Today’s losses don’t come as much of a surprise, though. September has historically been a rough month for bulls. This year, that certainly seemed to be the case.

“September lived up to its reputation and dented stock portfolio returns, but not too badly,” explained Ed Yardeni, founder of Yardeni Research.

“There has been a lot of concern that higher wages, higher energy prices, and higher transportation costs will weigh on earnings for the remainder of this year and into 2022. It’s certainly something we’ll be tracking. But so far, analysts remain relatively sanguine.”

It’s also something we’ve been warning of for months; that rising producer costs would eventually hurt sentiment. It all started back in early August when Clorox (NYSE: CLX) reported disastrous earnings due to rising manufacturing and logistics costs. The company went so far as to reduce its 2022 revenue projections.

Other corporations are likely to provide similar reports in the coming weeks. But will it be enough to end the bull market?

Many analysts believe it won’t, and even better, that the worst is now behind us.

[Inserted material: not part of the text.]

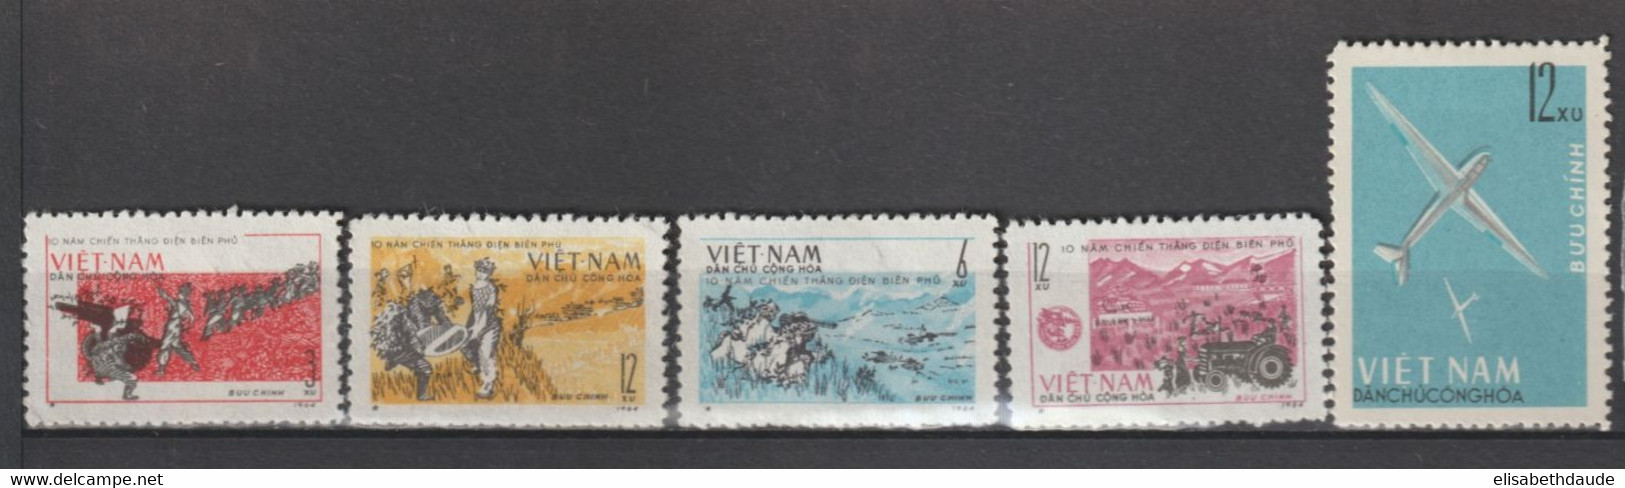 NORD VIETNAM - 1964 - ANNEE COMPLETE ! YVERT N°355/402 (SERIE FLEURS IMPERF !) NEUFS - COTE = 132 EUR - 3 PAGES - Vietnam

“We haven’t had even a 5% pullback since October of last year. It’s going to be a year. This feels a lot worse than it actually is because we haven’t had much volatility since last October, last September,” said Paul Schatz, President of Heritage Capital President.

“But remember, all the reasons why we’re going down — nothing is new. You’ve got the debt ceiling and the government shutdown and Evergrande and inflation. All known things. None of these are going to befall the bull market or cause a recession.”

Schatz continued:

“There’s always some kind of short-term thing the market focuses on to get a pullback going. We’ve got it. I think it’s one you buy with both hands in the next week or so, and I think we’re going strongly to new highs in Q4.”

Every monthly dip over the last year has been filled and then some. Traders who bought these dips were rewarded handsomely time and time again.

Will October provide a repeat performance?

Probably. Let’s not forget that the Fed isn’t tapering just yet. All of the lingering market fears have yet to truly “come to a head.”

And until they do, dip-buying remains a sound strategy, especially with stocks back near their September lows.